Güncelleme Tarihi:
Ülkemizin, üniversiteleri, araştırma kurumları ve alanda mevcut ilgili sektörler ile önemli yol aldığı bu küresel yarışta başarılı olması varolan kapasitesini verimli kullanmasına bağlı. Türkiye’nin alandaki en önemli avantajı genç nüfusu. Bu nüfusu yetiştiren tüm kurum ve kuruluşların dünya akademisini ve yeni teknolojileri takip etmeleri bilgi ve beceriyle donanmış, yetenekleri gelişmiş yeni nesiller yetiştirmeleri için elzem.
Hızlı bir değişimin yaşandığı günümüzde yapay zeka tartışmaları her gün karşımıza çıkıyor. Makinalar hayatımızda hemen önümüzdeki yıllardan itibaren daha çok iş yapacak. Yeni mesleklerde ve yeni işlerde çalışanlar, ne mavi nede beyaz yakalı olacaklar. Eğitim süreçleri ve yetkinlik arayışları üçüncü yaka rengi için çalışıyor. Bu nedenle çok hızla değişen bu günkü iş hayatına ve koşullara uyum sağlayabilmek geleceğin dünyasında yer sahibi olabilmek için son derece önemli. Geleceğimizi temsil eden yeni nesillerin, iş dünyasında bir başarı grafiğini sürdürebilmesi için özellikle mesleki eğitimde uygulamaya yönelik tecrübe ve yetkinlikleri sergileyen bir eğitim sahibi olması yükseköğretim diploması kadar önem arz ediyor.

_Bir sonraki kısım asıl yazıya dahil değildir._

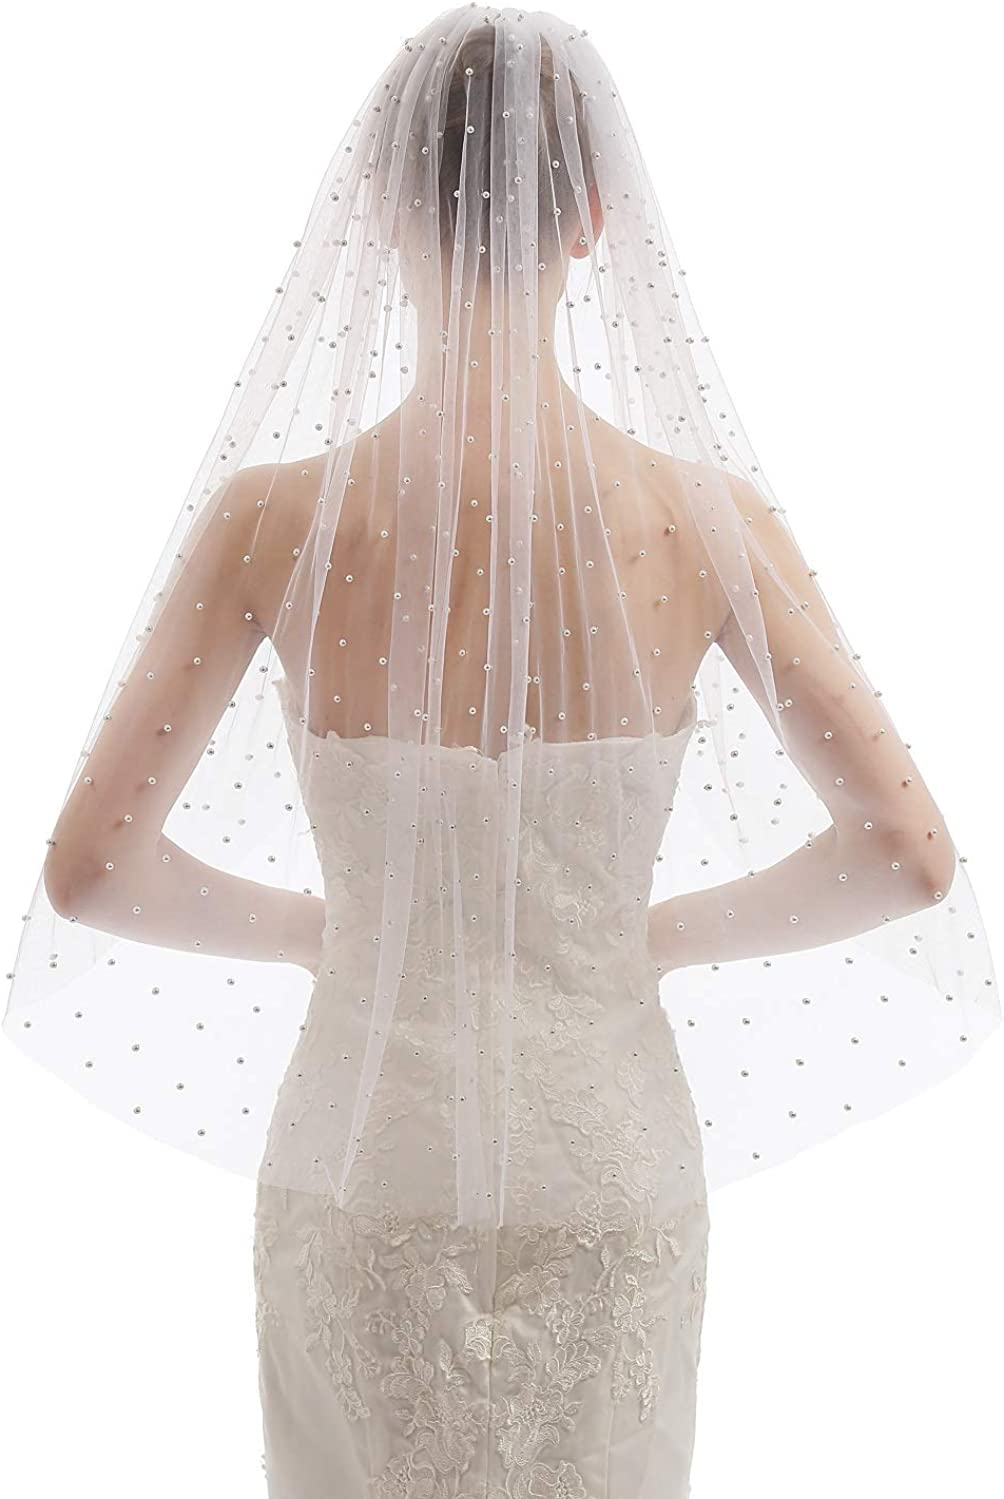 EllieHouse Womens Short Fingertip Length 1 Tier Pearl Wedding Bridal Veil With Metal Comb HD33

DİJİTAL TEKNOLOJİLER SAĞLIK EĞİTİMİNE ENTEGRE EDİLMELİ
Dünyanın bu görkemli değişim sürecinde hayatı en derinden etkileyen alanlardan biri de sağlık teknolojileri. Sağlık teknolojileri alanında inanılmaz çalışmalar üreten gruplar ve ürettikleri teknolojiler takip edilmeyi hak ediyor. Sağlık sektöründe hemen her alanda bu yeni teknolojilerin kullanımının sağladığı olağanüstü boyuttaki gelişmelere şahit oluyoruz. Aşıda, ilaçta, yaşam kalitesini yükseltmede, hizmet alınımını kolaylaştırmada, cerrahi müdahalelerde ve diğer birçok farklı başlıkta yaşanan değişimler bireylerin sağlık hizmetine ulaşımını, aldıkları hizmetin niteliğini ve sonuçlarını doğrudan etkiliyor.
Bu noktada ülkemizin alandaki yaşanan gelişmelerden hem yararlanması hem de bu değişime katkı sunmasının, bilim ve teknoloji alanında inşa edilmek istenen güç ve başarı açısından büyük ve etkin bir parça olduğunu vurgulamak gerekiyor. Sağlık sektöründe bilimsel ve teknolojik gelişmelerde söz sahibi olmak ise –diğer birçok atılacak adımın yanı sıra- bu alanda gerekli dijital eğitimin özellikle sağlıkla ilgili ön lisans, lisans ve yüksek lisans programlarına entegre edilmesi. Bu bir başlangıç yazısı, ancak ilgilenen öğrenciler veya genç araştırmacılar kendileri daha geniş okumalar yaparlar diye düşünüyorum.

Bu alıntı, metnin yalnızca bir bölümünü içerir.